**Description of the task:**
Restate only the tail of the data below, starting at the line that contains "Awesome antique razor/barber trade sign." and including the last line, word for word.

**Recorded data:**
....................

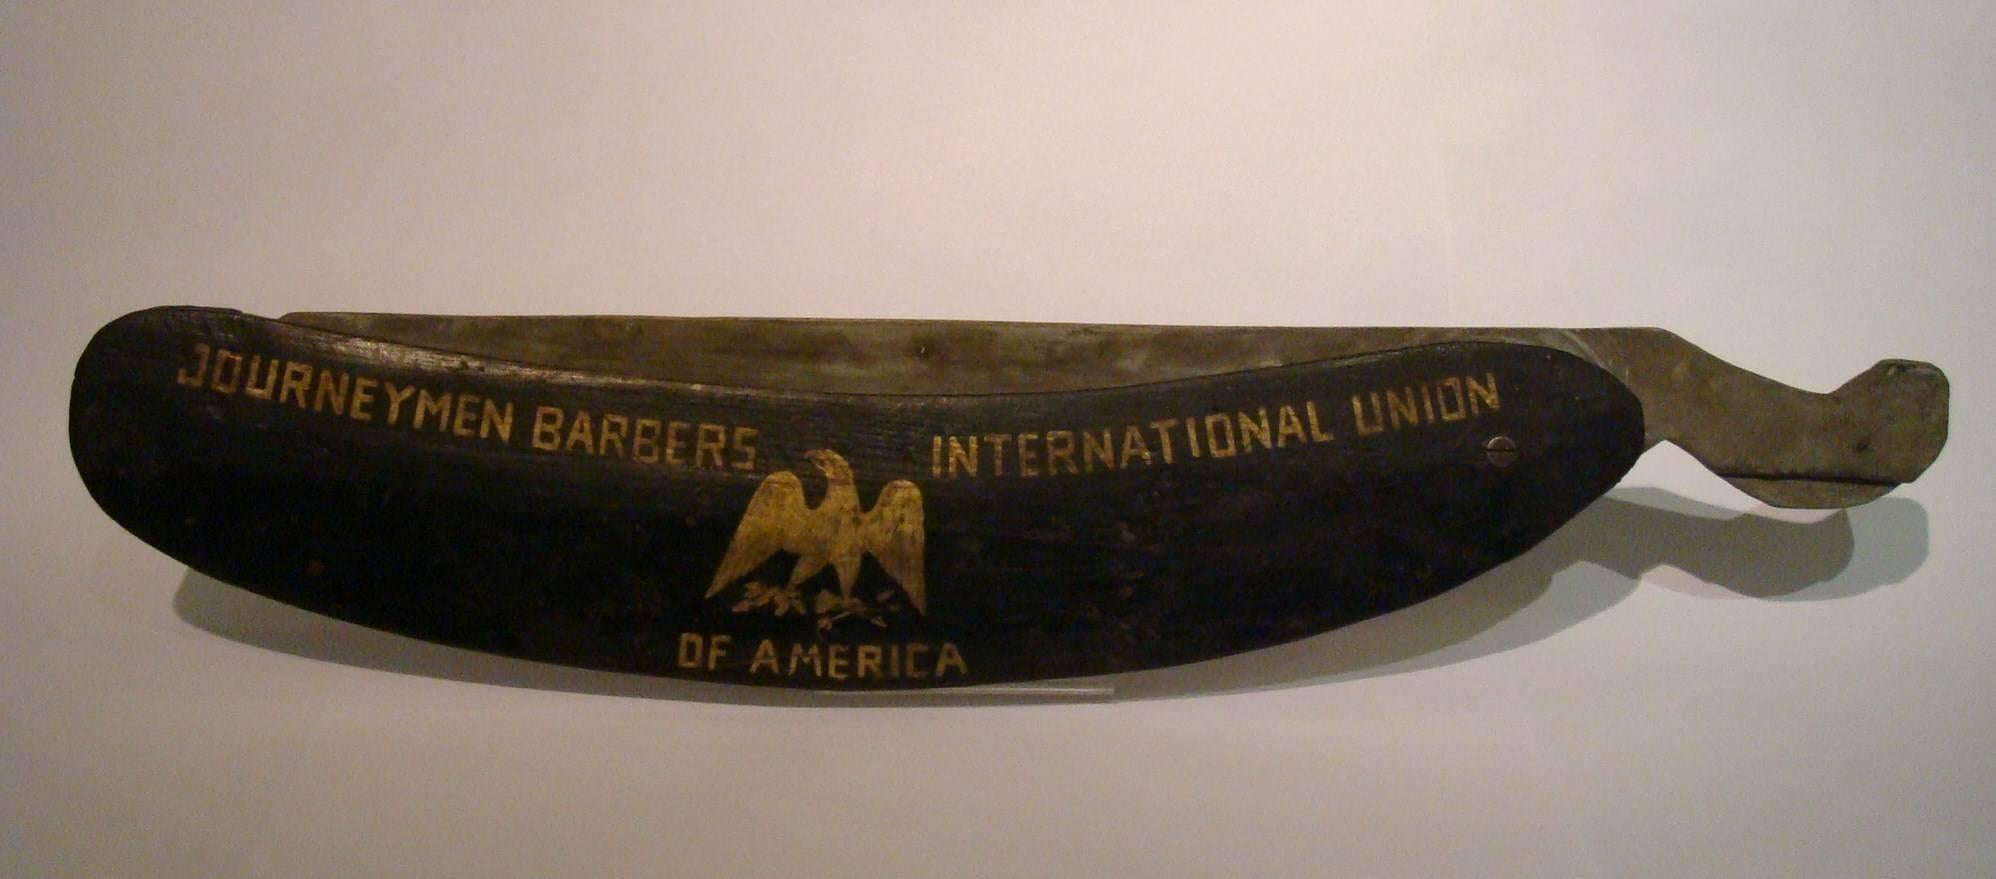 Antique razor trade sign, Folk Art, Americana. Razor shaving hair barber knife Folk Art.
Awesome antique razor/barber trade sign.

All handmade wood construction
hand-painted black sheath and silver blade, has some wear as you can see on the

....................

**Solution for this exercise:**
Awesome antique razor/barber trade sign.

All handmade wood construction
hand-painted black sheath and silver blade, has some wear as you can see on the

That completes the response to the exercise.